The data divided by group follows the same asymmetric tendency. The undergraduate degree is the most asymmetric which can be explained by the idea that the undergraduate degree is the first step on the academic life. The post-graduate programs in Brazil are new if comparated to countries like USA, England, Canada, etc. Because of this fact there is a group of older professors with undergraduate degree. The Master and Specialist degrees seems to be equally distributed, once most people achieve these degrees thereafter undergraduate. We may note that there is a group included in “No degree” category, it may sounds strange! How could anyone become a teacher in a institution of higher education without a undergraduate degree, at least? It might be theme for a further analysis.

Building box plots

From the graphic, we can see that the variables age and degree are associated, because as the level of education also increases the age.

b <- ggplot(aes(x = reorder(Degree, -Age, FUN = median), y = Age, fill = Degree), data = data4)
b + geom_boxplot() + coord_flip() + guides(fill = "none") +
    ggtitle("Box plot between Dregree and Age ") + xlab("Degree")

Male x Female

Let’s now reproduce again the same staff but looking to the gender in a separate manner.

library(gridExtra)
d1 <- ggplot(aes(x = Age), data = data4) + 
      geom_density() + facet_grid(Gender~.)

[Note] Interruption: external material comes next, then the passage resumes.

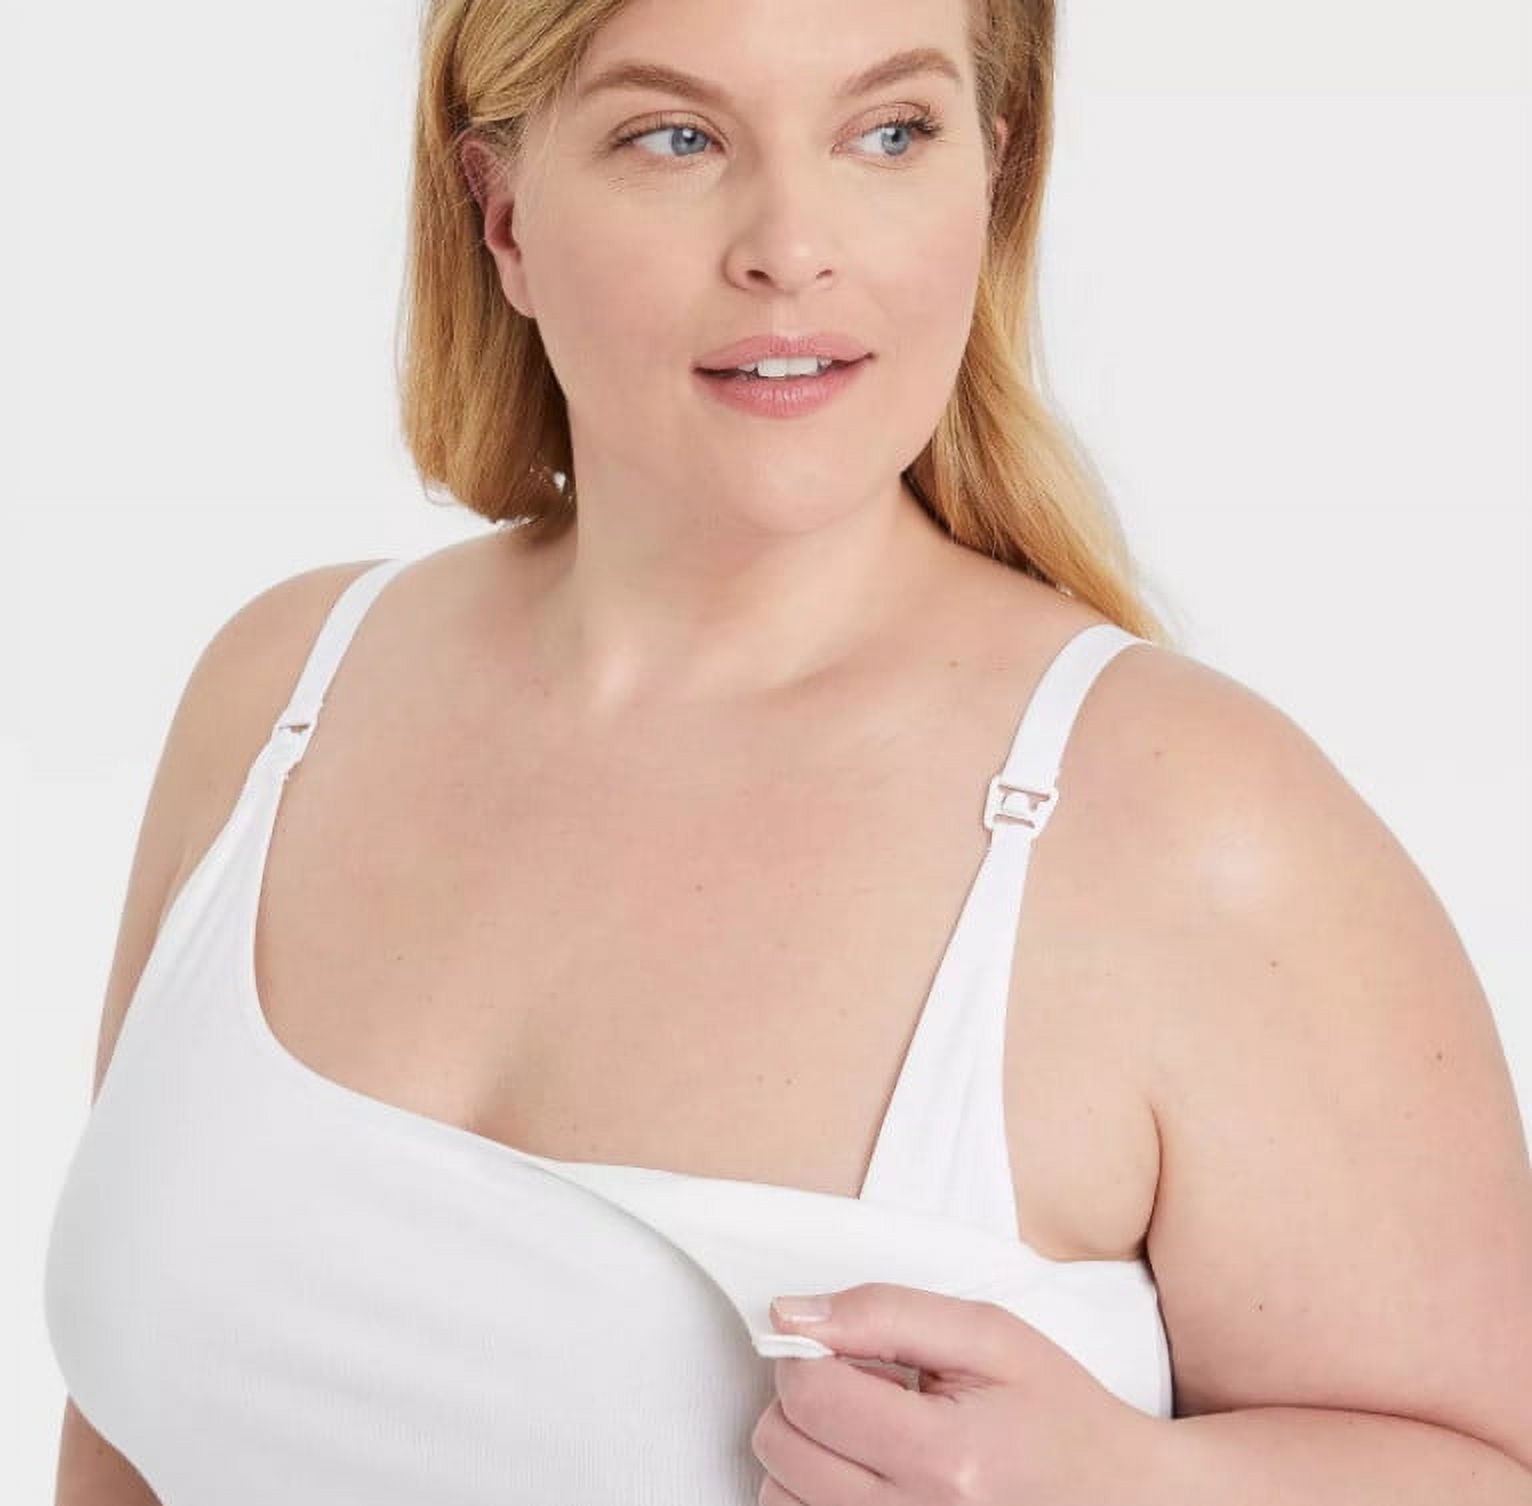 L: Gilligan & O'MALLEY nursing bra, Women's Fashion, Undergarments

w1 <- ggplot(aes(x = Age, color = Degree), data = data4) + 
      geom_density() + facet_grid(Gender~.)
grid.arrange(d1,w1, nrow = 1)

The distribution of the age is similar to both genders. However, when we look to the groups in relation to degrees we see the male gender has more observations to the undergraduate degree after 40 years old than female gender.

c <- ggplot(aes(x = Gender, y = Age, fill = Gender),data = data4)
c + geom_boxplot()+  coord_flip() + labs(fill = "Gender")

It seems the variables gender and age are not associated. Both male and female have the same minimum age and approximately the same median.
Above we have the box plot between degree and age by gender and we can see that the variables are associated for both genders, as we found out when we looked without considering the genders.

7th class - Regression Models

Most of the following content was extracted from https://www.listendata.com/2018/03/regression-analysis.html.

Linear regression

It is the simplest form of regression. It is a technique in which the dependent variables is continuous in nature. The relationship between the dependent variable and independent variables is assumed to be linear in nature.
When you have only 1 independent variable and 1 dependent variable, it is called simple linear regression:
\[y_i = \beta_1 + \beta_0 x_i + \epsilon_i\].
And when you have more than 1 independent variable and 1 dependent variable, it is called multiple linear regression:
\[Y = X \beta + \epsilon\].

Assumptions of linear regression:
1. There must be a linear relation between independent and dependent variables;
2. There should not be any outliers present;
3. No heteroscedasticity;
4. Sample observations should be independent;
5. Error terms should be normally distributed with mean 0 and constant variance;
6. Absence of multicollinearity and auto-correlation.

Example:
We consider the swiss data set for carrying out linear regression in R. We use lm() function in the base package. We try to estimate Fertility with the help of other variables.

library(datasets)
model <- lm(Fertility~., data = swiss)
summary(model)

Polynomial regression

It is a technique to fit a nonlinear equation by taking polynomial functions of independent variable. Thus a polynomial of degree k in one variable is written as:
\[y_i = \beta_0 + \beta_1 x_i + \beta_2 x_i² + ... + \beta_k x_i^k + \epsilon_i\].

Example:
We are using poly.csv data for fitting polynomial regression where we try to estimate the Prices of the house given their area. Firstly we read the data using read.csv() and divide it into the dependent and independent variable.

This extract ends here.